What the rat race offered you as a youngster was an escape from your insecurity, your fears of facing he world alone and also facing yourself. Many of the needs that made you choose that safe direction in the first place do no exists any more. Your ability to hold a job or run a home has been proven. You have shown people that you can fulfill your role. If you fell into the rat race during the Great Depression you may have felt that it was impossible to get a job, that any job was good and that you should fee grateful for it and not complain.
Your needs in the beginning were the needs over young person at the beginning of the quest for identity and fulfillment. your fears were the fears of being rejected, of being worthless as a businessman, as a mother or whatever. If you look you will see that somehow during the years many of these feelings have been mellowed by age, even if they haven't gone away. Sure, maybe you aren't the wonder child who was going to tear the world apart -- but you didn't do so badly either. Really you didn't. In the old days you were afraid you couldn't survive. The point is: why stay on at what you are doing just because you are trying to prove you can survive? You've already done that. It's time to do something else. You've grown up and your decisions about yourself have to grow up, too.
You've survived. Maybe now it's time to live.
It should be obvious that when you decide to change that the people around you, who are in the same boat as you, are going to be enormously threatened by your move. More than likely they have not reevaluated themselves, and so they regard your leaving the old ways as a dire threat. Perhaps they fear that they, too, have been doing the wrong thing all their lives. You must be stopped before you upset their lives. Your compatriots are going to be jealous. Don't expect any of them, except the most open of them, to express feelings of warmth toward you. They have to put you down because what you are doing is something they may not even be able to think of. Most likely they will agree that things could be better. Since they are not doing any better themselves, the idea of a change is something they don't really want to cope with. If you were merely talking about a change of homes or a job in a different company, it would be a different story. It would be less of a threat to others, though still upsetting. To make a real change, to give up something and start fresh somewhere, is thought to be the idea of a dreamer, a kook. In a flash you will hear all of the arguments you have been struggling with, and they'll be presented to you as if they are absolutes pointing only in one direction, the one opposite your choice.

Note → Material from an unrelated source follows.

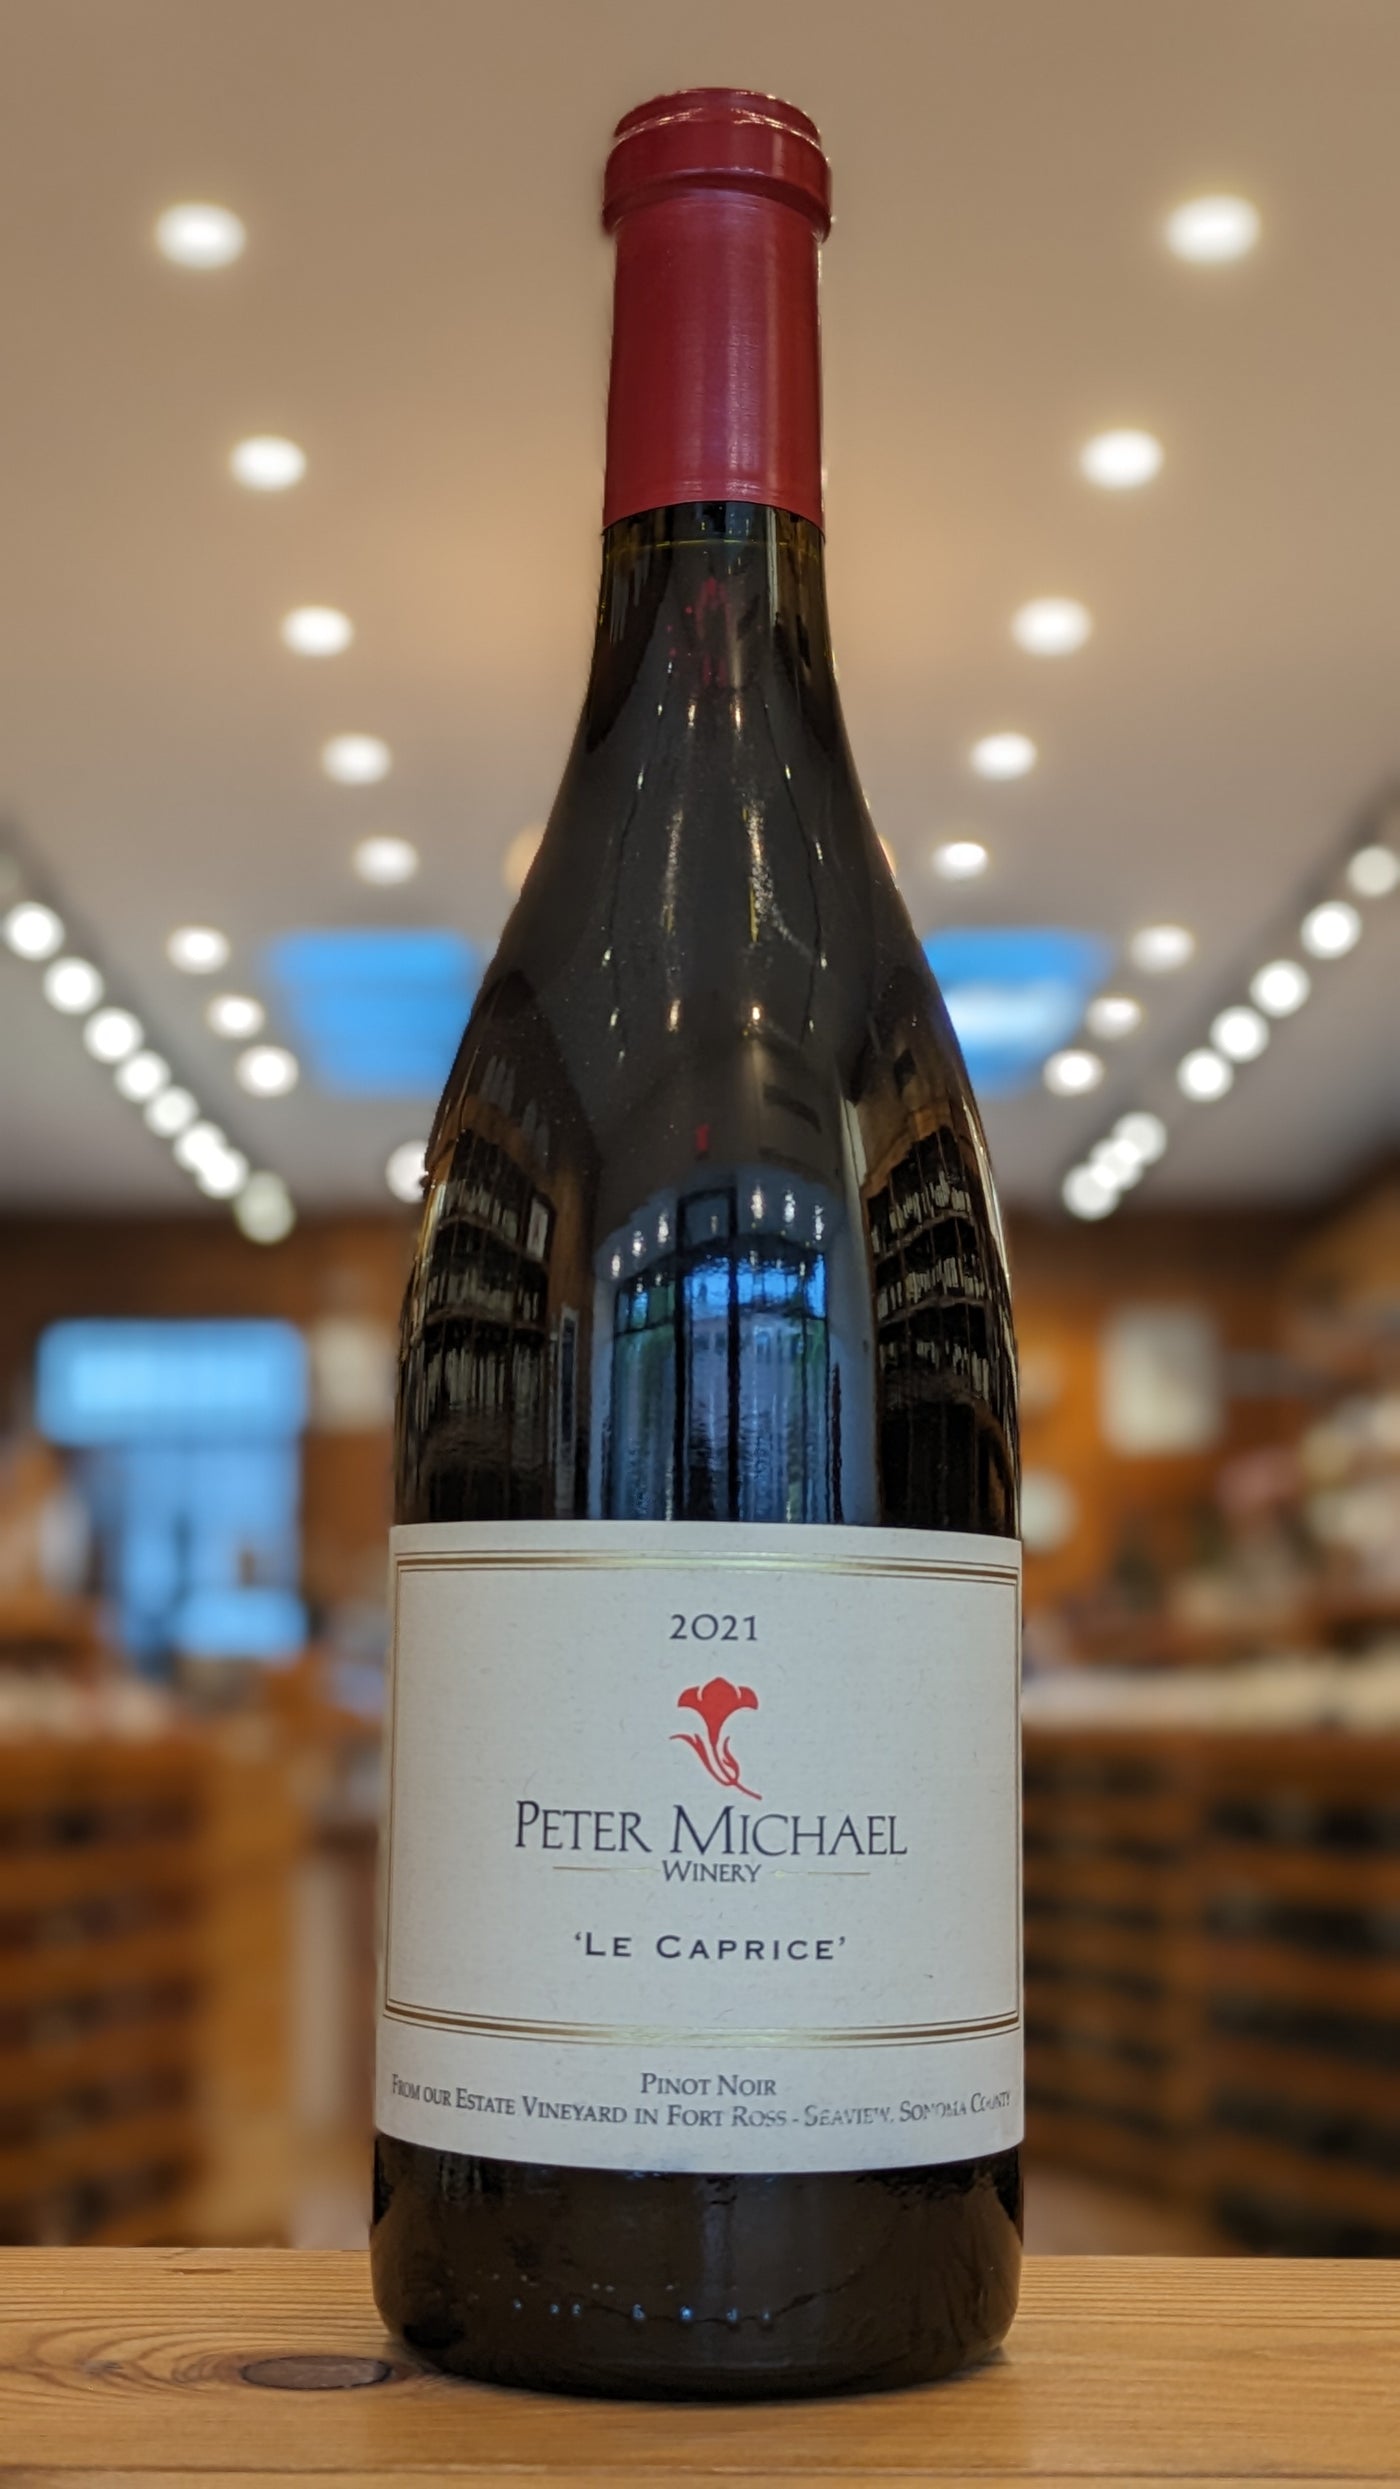 Peter Michael Le caprice Pinot Noir 2021

Whether your change involves your family, your job, or just your attitude toward work, pleasure and what you consider to be important to your life, the people you will speak to will react with fear and offer you very little comfort. What you will hear is a recitation of the reasons and rationalizations they use to keep their own minds in place. This is a very tiresome business.
Why can't they let you go? The answer is simple. Society fears a free man. Whenever society sees someone who is truly free, it feels compelled to bind him up again. The person must be branded as an outcast and categorized as odd and unconforming (s.i.c.). Society must do this merely because, by definition, society is an arrangement of rules to be conformed to. Not to conform is not to belong in society. But you'll do well to remember: the greatest accomplishments do not necessarily happen within the confines of the usual social restrictions.
(paragraph on artists skipped)
A person who is truly free to follow the dictates of his own conscience and heart threatens that part of society that depends on reliable productivity and consumption. If a person had the right to choose whether the will or will not serve in the army, stay at a boring job because he is told he is supposed to, drive a dozen screaming Cub Scouts to the zoo, then the entire distribution of labor may be upset. When people leave the rat race, they become more whole and less of a cog in some giant apparatus of gears grinding ceaselessly toward a goal that the individual worker doesn't see or understand. once someone is free, it becomes increasingly difficult to find meaning in attaching the same bolt to a thousand different cars every day, or to sweep the same floors each morning. The person who breaks away and becomes free, feels whole and wants to see the entire operation from beginning to end. He wants to be in control himself. He wants to feel that his entire world is his. it is a feeling of self-sustenance, increased self-worth, and self-assuredness. It is the ability to say "no" to nonsense. It is being free.